5.        Quais são os próximos passos acerca desse tema e por que você considera importante?

Prof. Leonardo: Sim, há previsão de novos estudos com atletas trans, sobretudo incluindo, também, homens transgênero. A questão das mulheres trans tem sido mais tocada do ponto de vista social e também científico em virtude das dúvidas sobre possíveis vantagens dessas mulheres em relação às mulheres cis no esporte. Mas não podemos esquecer dos homens transgênero, que também passam por uma terapia de transição corporal, são expostos a hormônios, no caso os hormônios masculinos (a testosterona), e não se sabe como isso impacta também na sua performance desportiva.

Então, o próximo passo é também aumentar o estudo para a população de homens transgênero, e fazer estudos relacionados a outros esportes, para tentarmos ter dados de forma mais clara sobre as habilidades que esses outros esportes utilizam. Por exemplo, estender para o basquete, para o futebol, para diversos outros esportes que utilizam outras habilidades, outras capacidades, e aí precisaríamos ver como é o comportamento do corpo trans feminino e masculino nesses aspectos.

6.        O que o levou a protagonizar este estudo?

Prof. Leonardo: Há uma grande dúvida social a respeito das mulheres trans no esporte, sobre a capacidade delas de serem maiores do que as mulheres cis. Porém, antes da chegarmos nessa resposta, sobretudo na alta performance do esporte que envolve vidas de atletas que treinam para isso e é a profissão deles e em que há interesses econômicos da indústria do esporte, temos que pensar na população trans geral, na sociedade, não atleta, na sua relação com a atividade física. Há vários estudos mundiais que mostram que a população trans tem menos acesso ao exercício físico, seja por barreiras, como inclusão em grupos, a roupa utilizariam para praticar o esporte, ao banheiro utilizariam na academia ou no centro esportivo. Então, há várias barreiras para a inclusão da população trans na atividade física geral, no esporte em geral.
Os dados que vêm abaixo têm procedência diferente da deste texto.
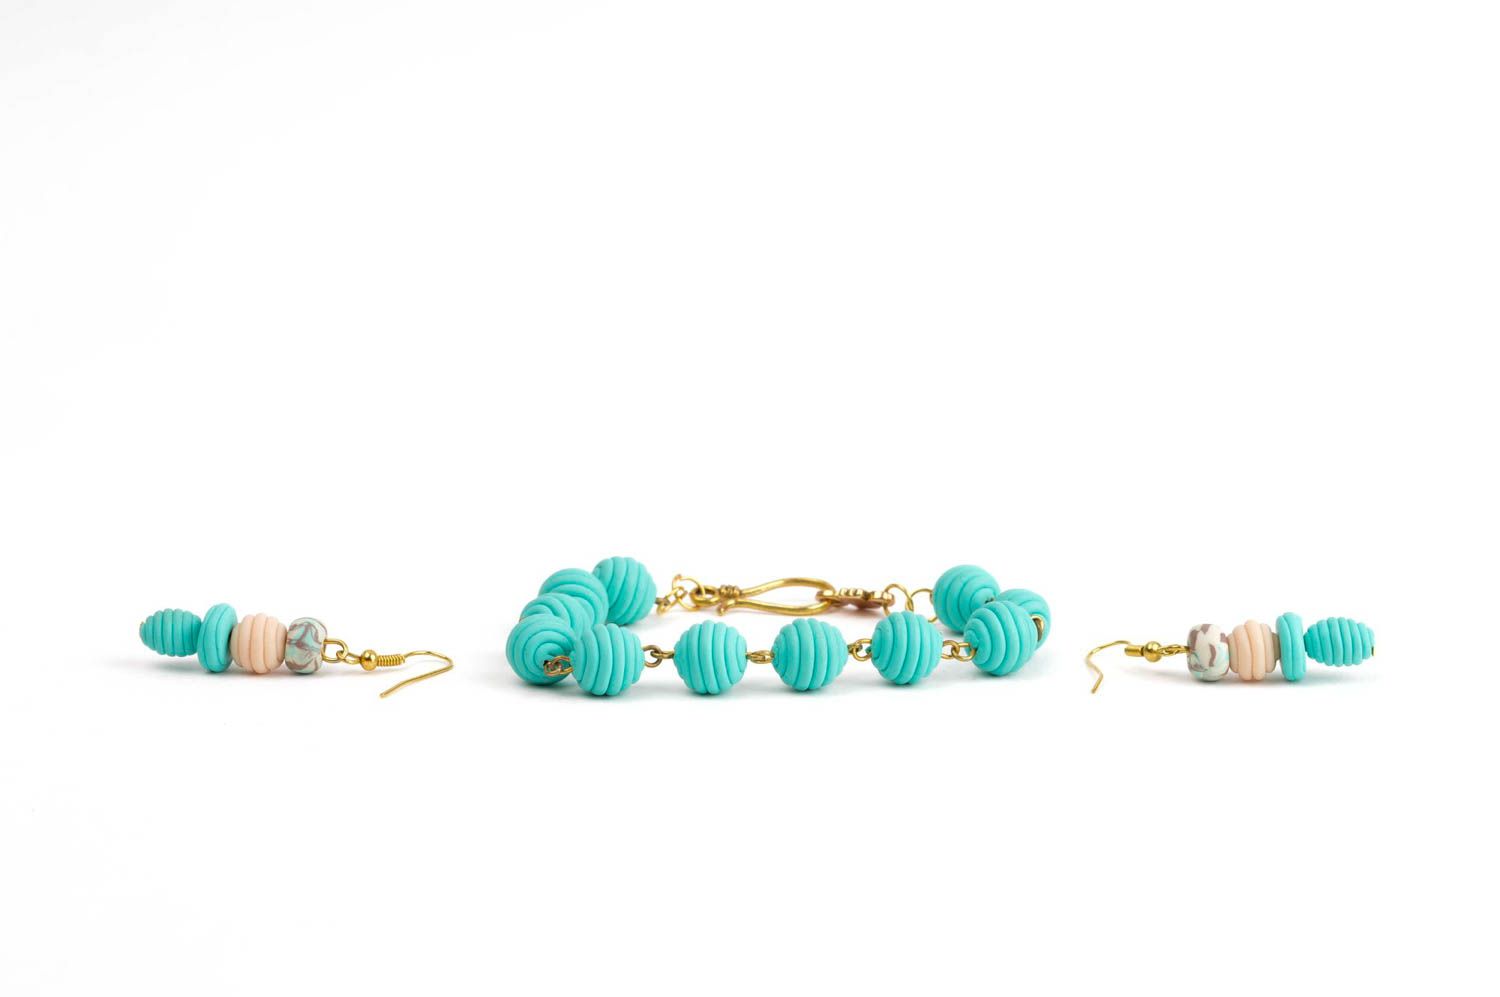 Handmade earrings designer bracelet clay jewelry set gift for her unusual gift photo 3

Sendo assim, uma vez que a população trans está mais afastada da atividade física, ela também não tem os benefícios do exercício para o ser humano em geral. Benefícios corporais em relação à saúde física e à própria saúde mental. Sabemos que o exercício melhora, por exemplo, índices de ansiedade e depressão. E é um bom modo de inclusão social.

Como a população trans tem dificuldade no acesso à atividade física, as pessoas acabam perdendo essa oportunidade que o exercício proporciona. Uma outra coisa também que eu queria dizer é que, uma vez que há essa dificuldade da inclusão da população trans na atividade física, seja no colégio ou na faculdade, eles também chegarão menos à alta performance. Porque se eles não têm oportunidade de praticar durante a adolescência ou a vida adulta, ou mesmo durante a infância, eles não têm a oportunidade de desenvolver essas capacidades e técnicas esportivas a fim de chegar no esporte de alta performance.

Sempre chama atenção que estamos preocupados com o pico do esporte, com o ápice, que é o atleta de alta performance, mas temos um grande problema ainda social aqui que abrange a maioria da população trans: a falta da prática de esportes fazendo parte da vida e de todos os benefícios que o esporte pode trazer.